::: DATA SHOWN
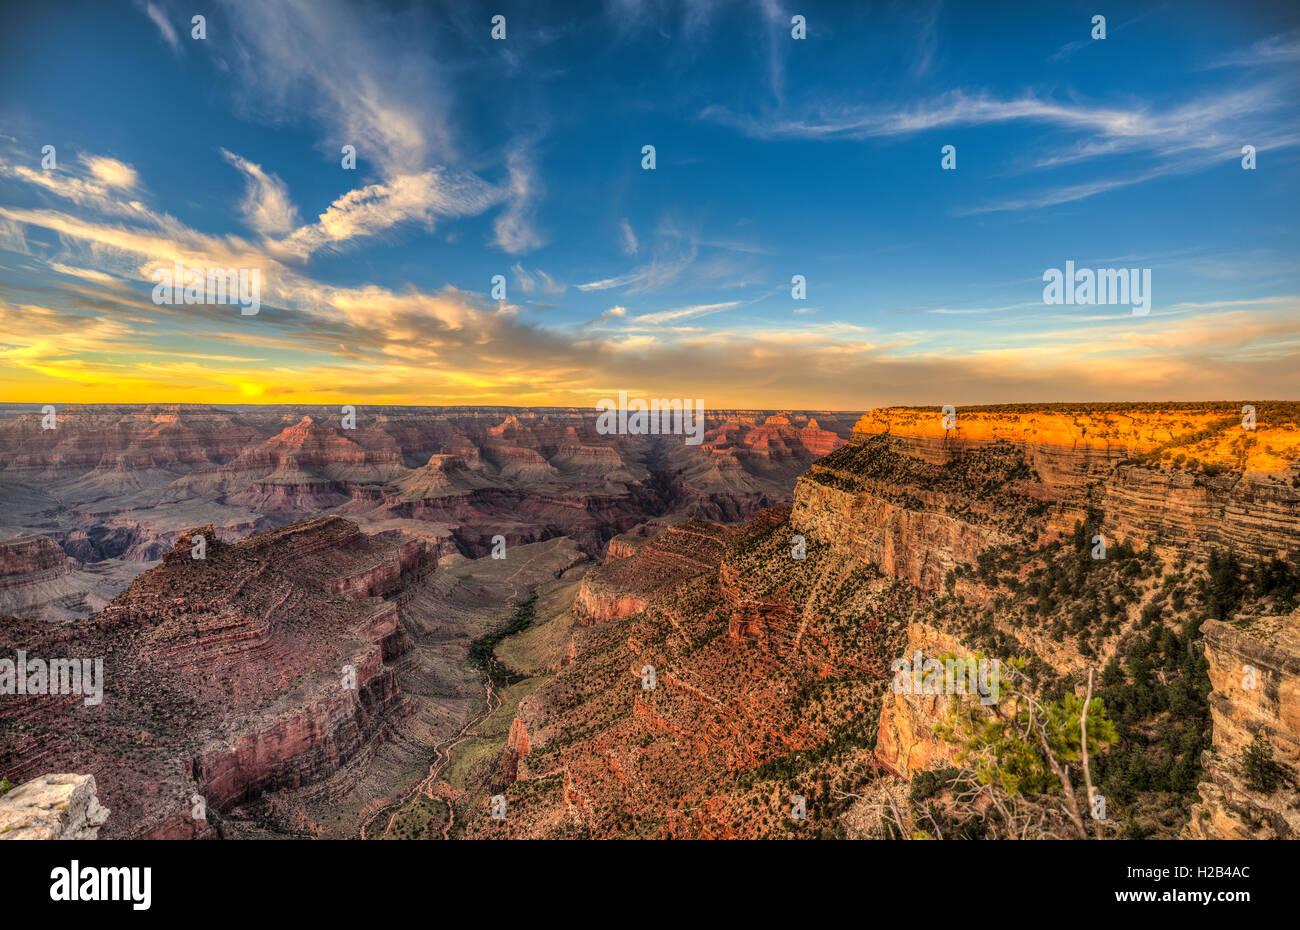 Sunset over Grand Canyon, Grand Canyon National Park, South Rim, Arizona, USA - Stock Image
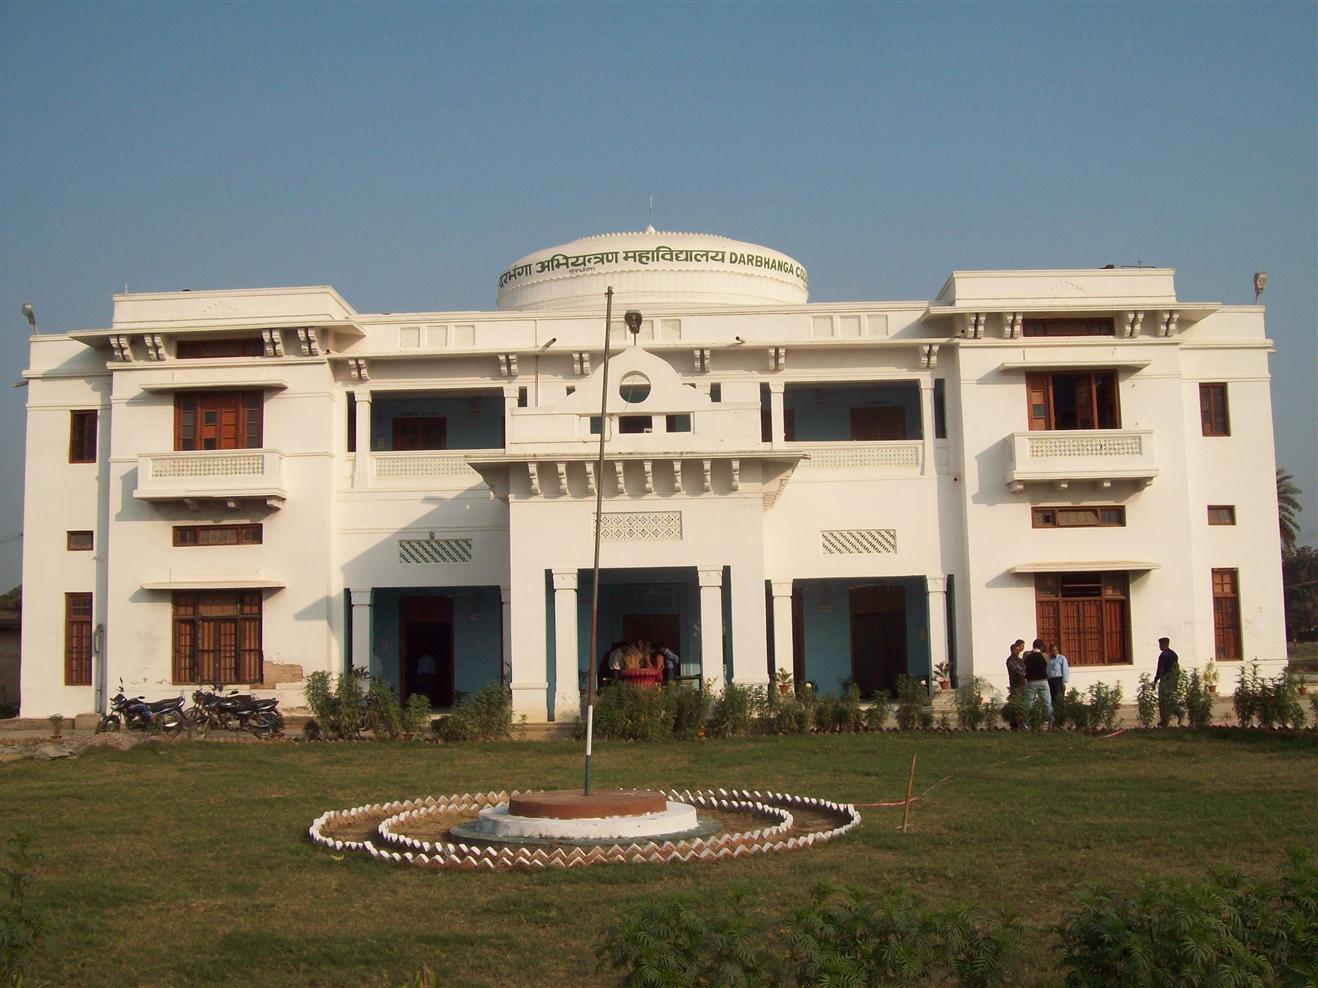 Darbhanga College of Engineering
::::::
::: DATA SHOWN
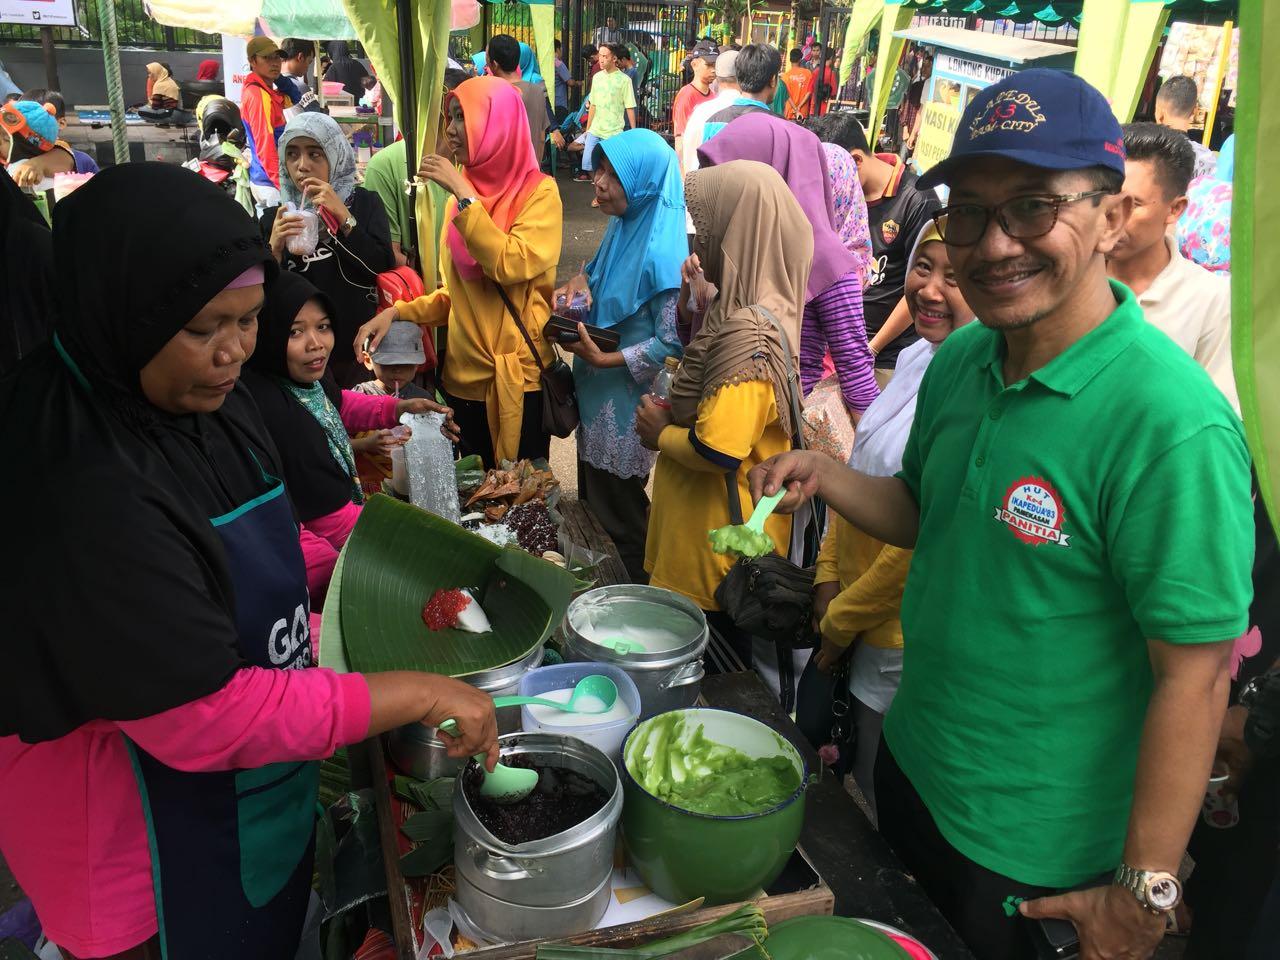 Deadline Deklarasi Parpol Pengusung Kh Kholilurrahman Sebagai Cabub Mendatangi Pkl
::::::
Only the lines above from the one with "Sunset over Grand" to the one with "Darbhanga College of Engineering" should be printed, both included and exactly as written; no picture belongs in the copy.

* [SOLUTION BELOW]:
 Sunset over Grand Canyon, Grand Canyon National Park, South Rim, Arizona, USA - Stock Image
 Darbhanga College of Engineering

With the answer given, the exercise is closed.